Inside the Woody Hayes Athletic Center, the camp’s most talented skill players gathered for drills in front of the likes of head coach Urban Meyer, offensive coordinator and quarterbacks coach Tom Herman and co-defensive coordinator and safeties coach Chris Ash.

By this time, the campers grew restless in the humid June air and on the sideline in between reps. They hovered along the boundary in a disorganized mess, much to the chagrin of Ash, who found himself repeatedly asking them to form a single-file line while waiting for their turn in the rotation.

Enough was enough. He barked at them again. 

He told them he didn't care if they liked it or not.

He dared them to get mad, to whine, to moan.

"We’re doing it my way,” he said. 

In the moment, Ash’s way meant a much-needed dose of discipline for a bunch of teenagers. 

For Ohio State, Ash’s way means far more.

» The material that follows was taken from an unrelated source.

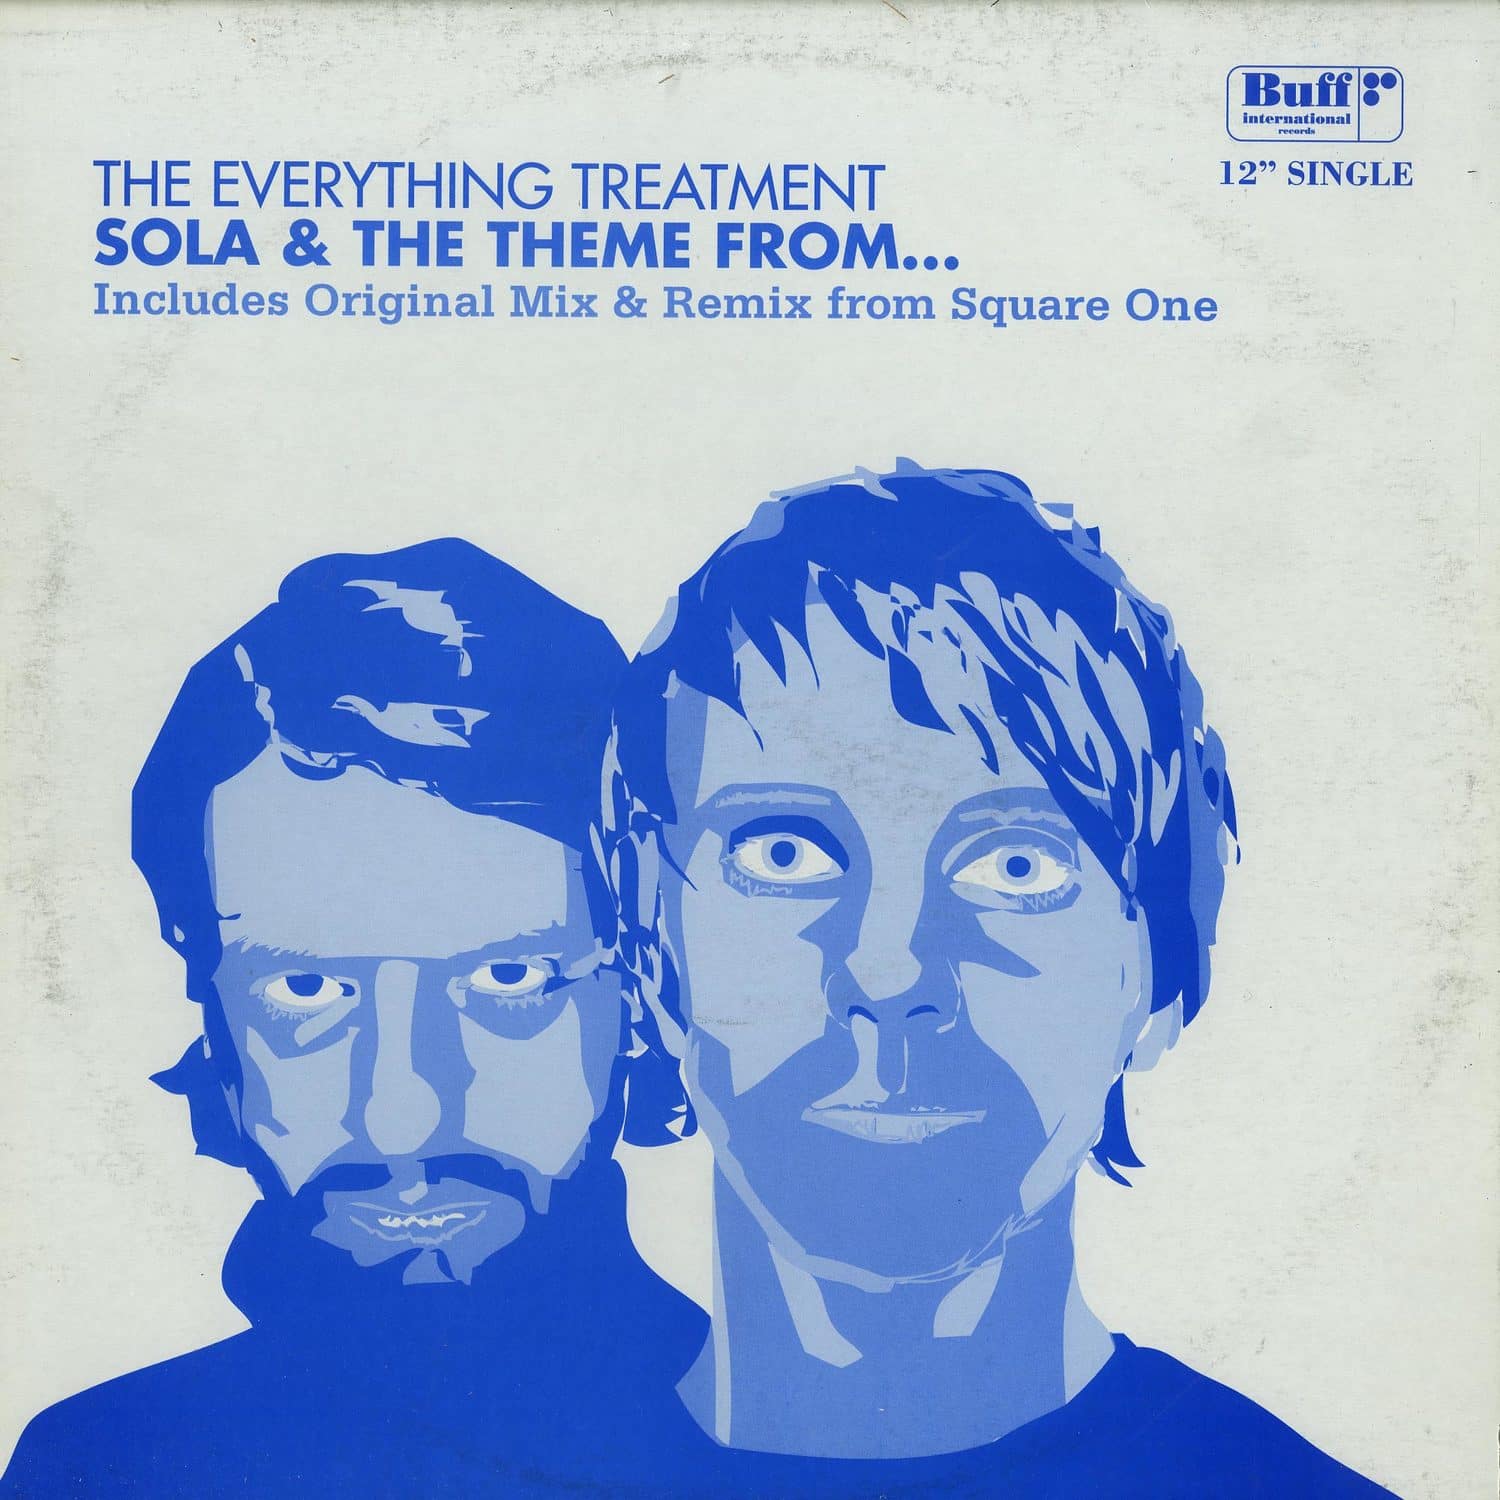 The Everything Treatment - THE THEME FROM...

The most obvious, of course, is a schematic deviation from what doomed the Buckeyes and their horrendous pass defense last season. Ash is a disciple of the Cover 4 (quarters coverage) defense and likes to press and be aggressive when applicable.

He’s charged with helping mend a unit that got embarrassed in back-to-back losses against Michigan State and Clemson.

“I’m not concerned about what’s happened here in the past. I really don’t care,” he said in February.

“I’m more concerned about the direction we’re going to go and how we get the players aligned with what our vision is going to be. I really don’t care what’s happened in the past.”

But the past is why Ash, who replaced former Buckeye assistant and current James Madison head coach Everett Withers, is here in the first place.

Because Ash’s way means more than a defense that's undergoing an overhaul. It parallels a shift in culture Meyer so desperately wants to see out of a defense that finished 112th in defending the pass a year ago.

“I don't want a team that's scared to make mistakes. I don't want a team that's thinking. I want a team that goes four to six seconds,” Meyer said in reference to his concept of giving “4-to-6 seconds of relentless effort” on any given play.

That’s something that goes a lot deeper than Xs and Os.

"It doesn’t matter what we do schematically, we’re gonna have a philosophy, we’re gonna have a system – an identity about what we’re doing," Ash said in March.

Ash looks and plays the part of the no-nonsense college football coach. He’s intense, tough, loud and uncompromising – all the qualities that Meyer seems to find endearing.  

More importantly for Ohio State, Chris Ash gets what Chris Ash wants. 

Whether it’s ordering a group of high schoolers to make a simple single-file line at summer camp or convincing his own squad to buy into a new defensive philosophy, he commands respect.

“Just because I showed up,” Ash said, “it doesn’t mean the Ohio State defense is going to be miraculously better overnight.”

But he’s helped the Buckeyes take the first step toward climbing out of a hole of mediocrity.